"""
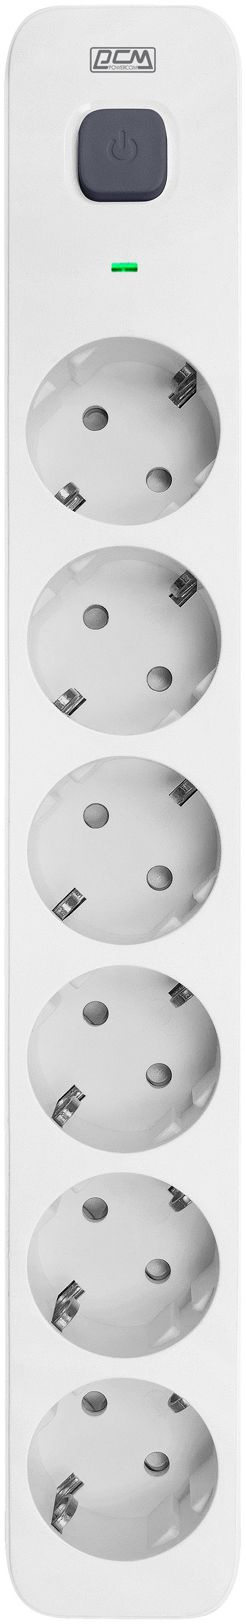 Сетевой фильтр Powercom SP-06W 1.8м (6 розеток) белый/серый (коробка)
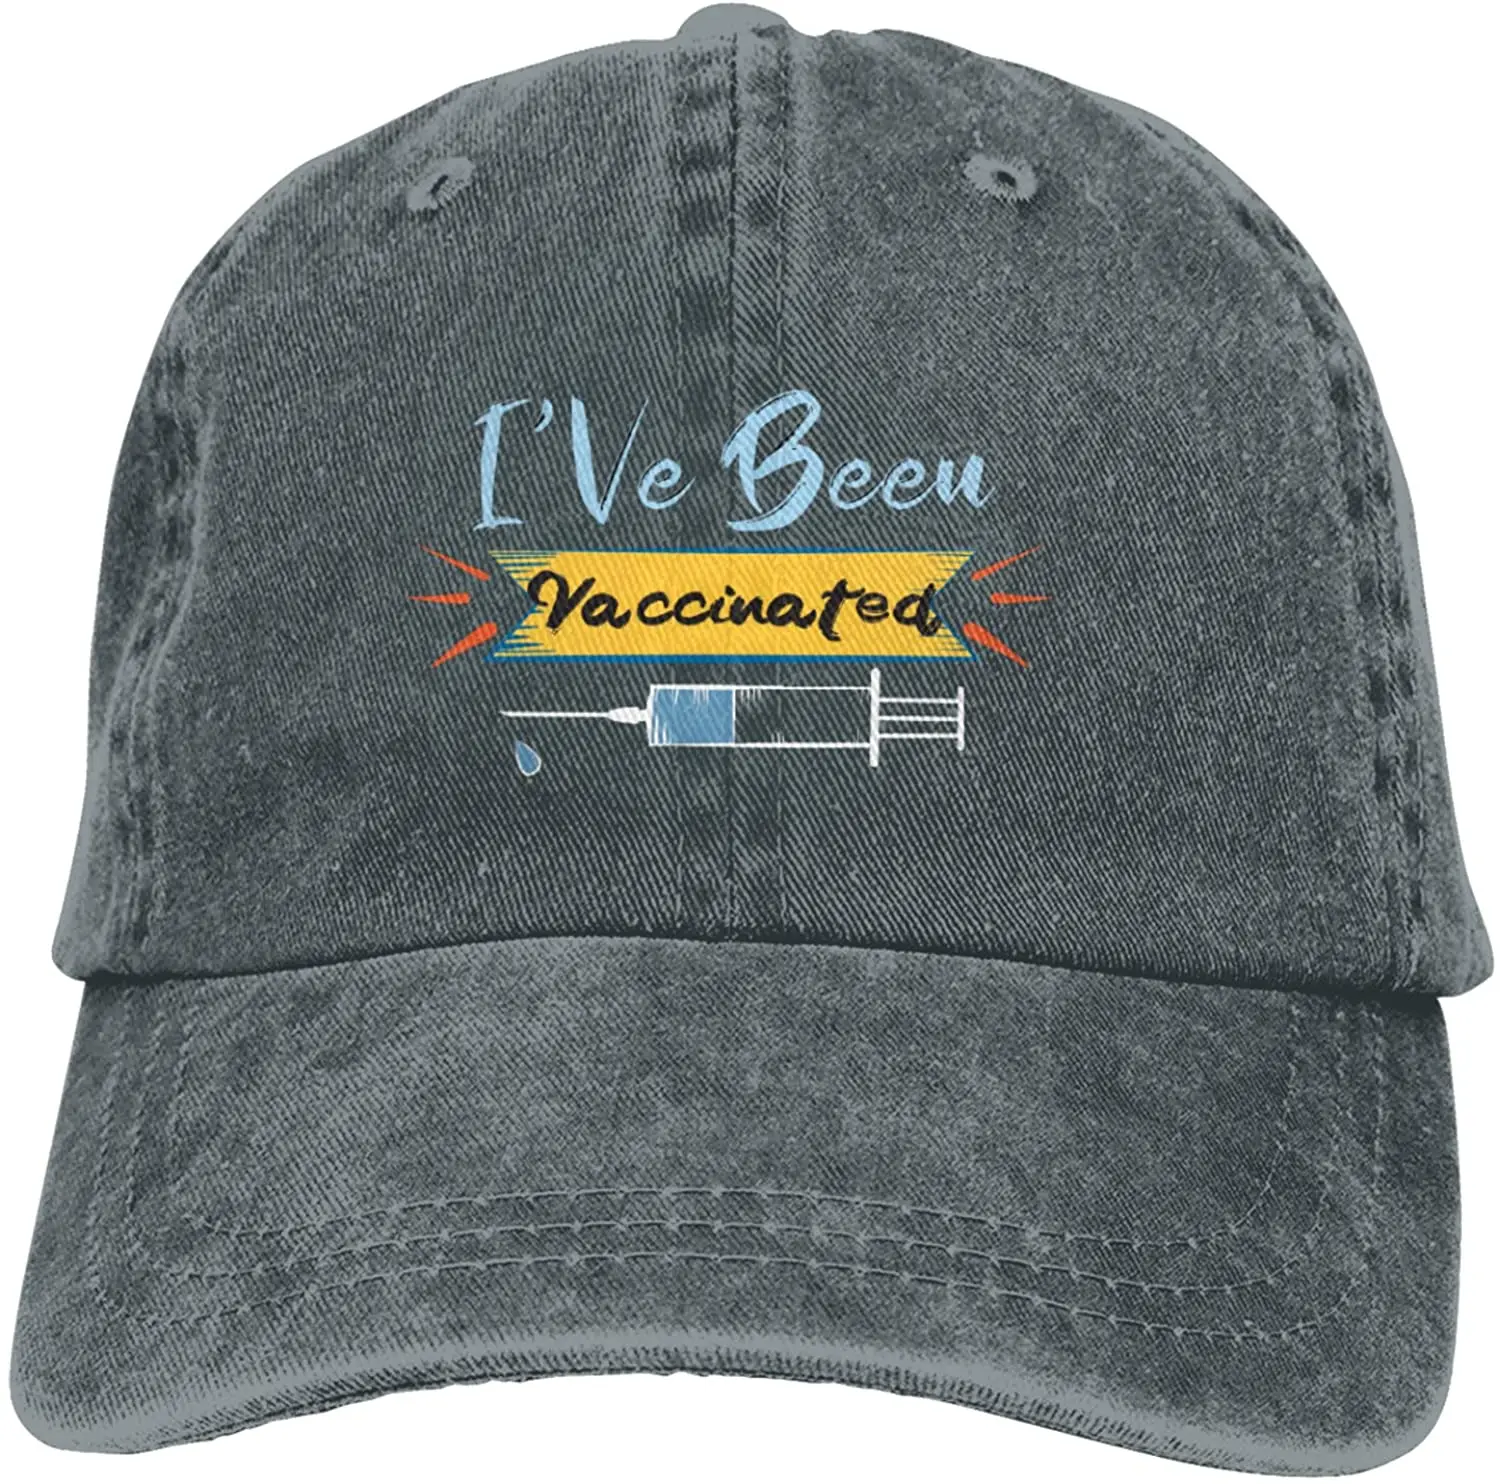 

I've Been Vaccinated Hat Vintage Denim Baseball Caps Cotton Dad Hat Adjustable Wash Cowboy Hat Unisex
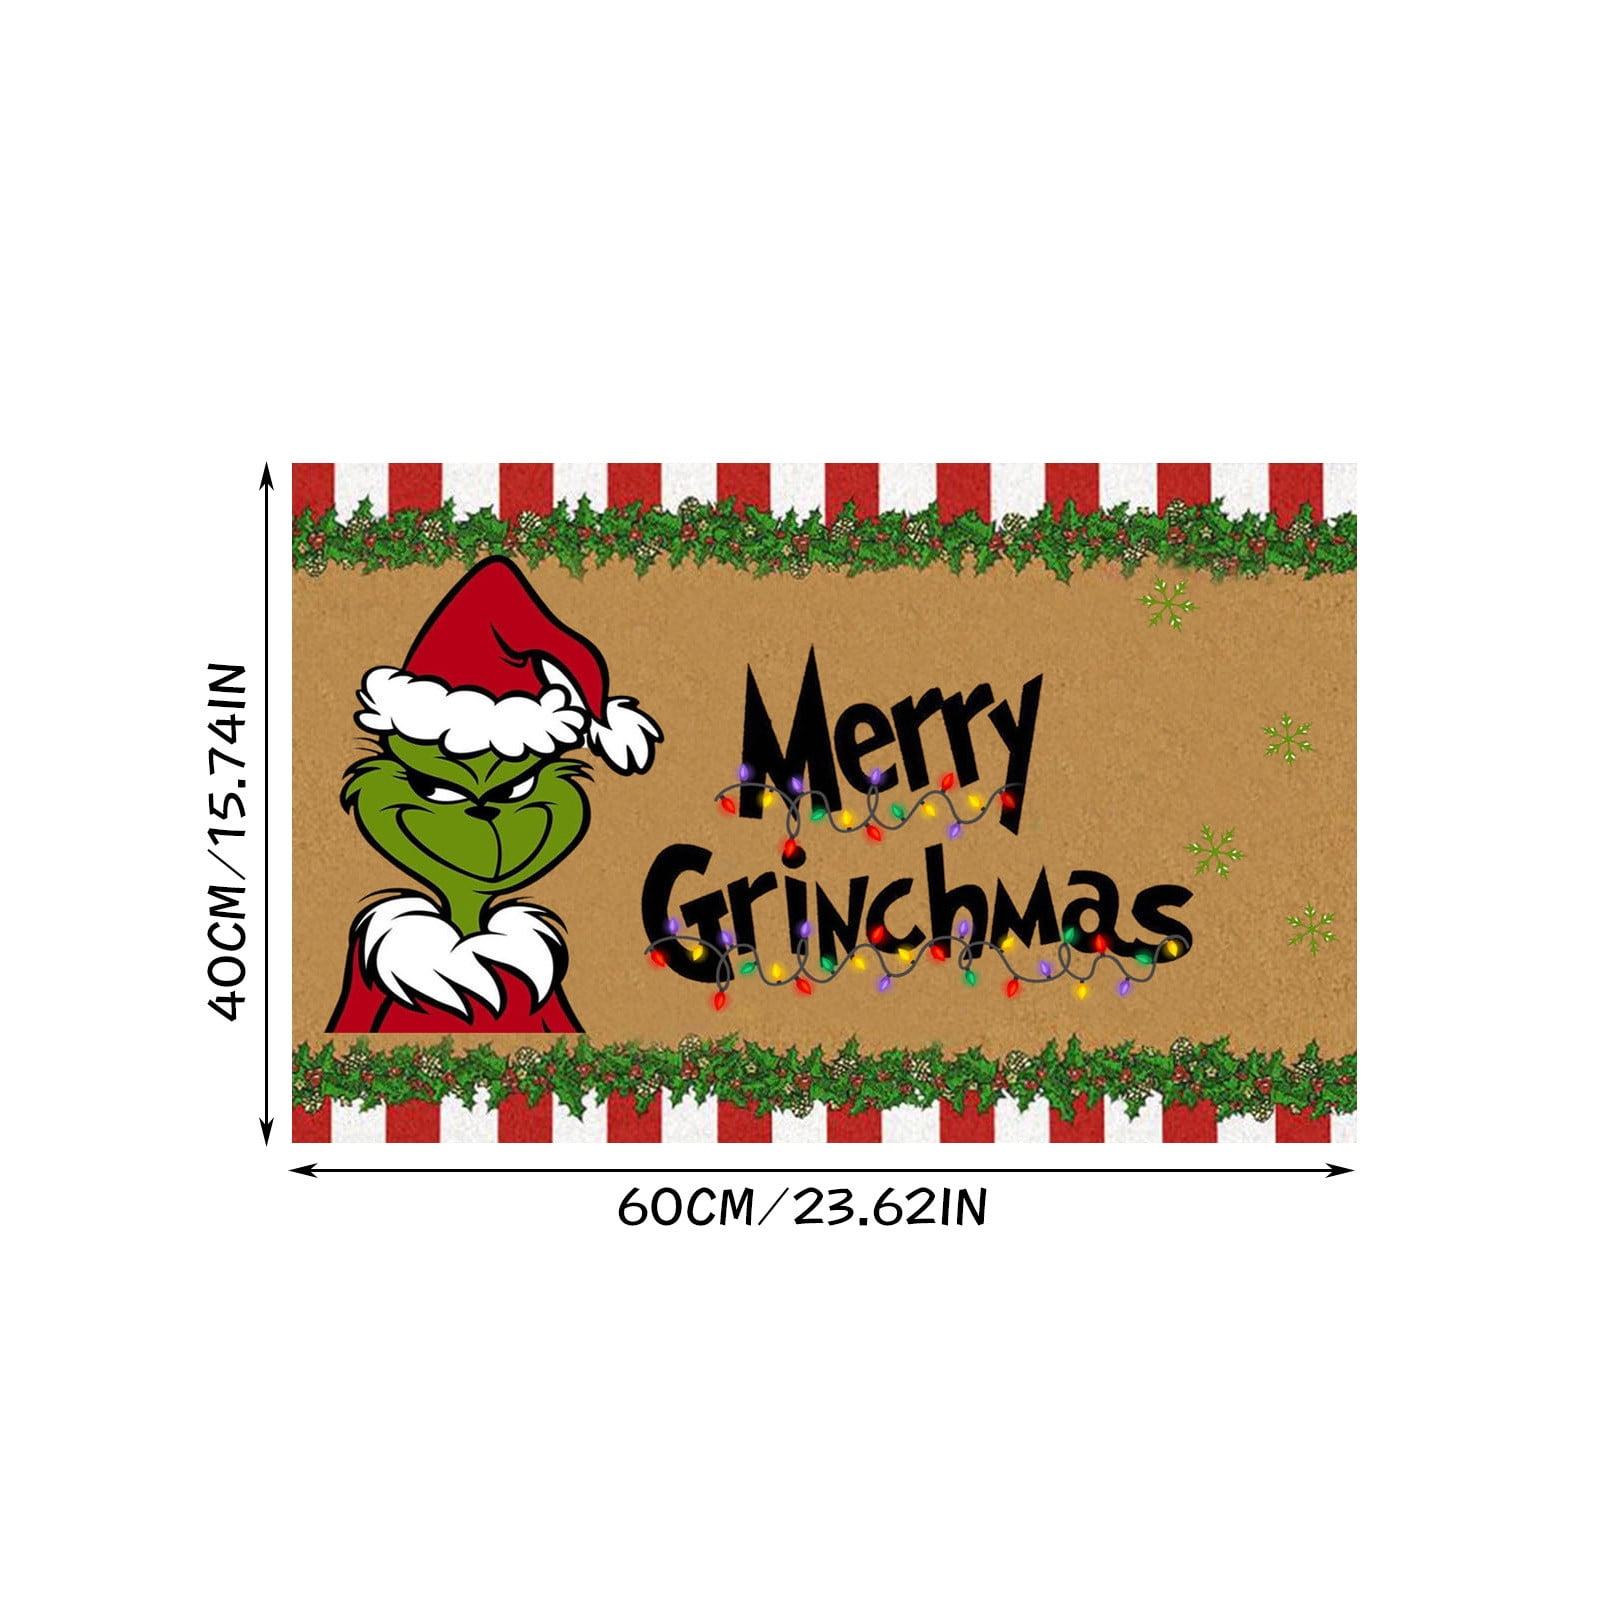 QISIWOLE Christmas Doormat ,Winter Holiday Indoor Outdoor Home Garden  Non-Skid Floor Mat,Christmas Decorative Rubber Door Rug, 19.7*31.5”
"""
- Exercise prompt: Omitting all images, print the listing exactly.

- Answer to this problem:
 Сетевой фильтр Powercom SP-06W 1.8м (6 розеток) белый/серый (коробка)

I've Been Vaccinated Hat Vintage Denim Baseball Caps Cotton Dad Hat Adjustable Wash Cowboy Hat Unisex
 QISIWOLE Christmas Doormat ,Winter Holiday Indoor Outdoor Home Garden  Non-Skid Floor Mat,Christmas Decorative Rubber Door Rug, 19.7*31.5”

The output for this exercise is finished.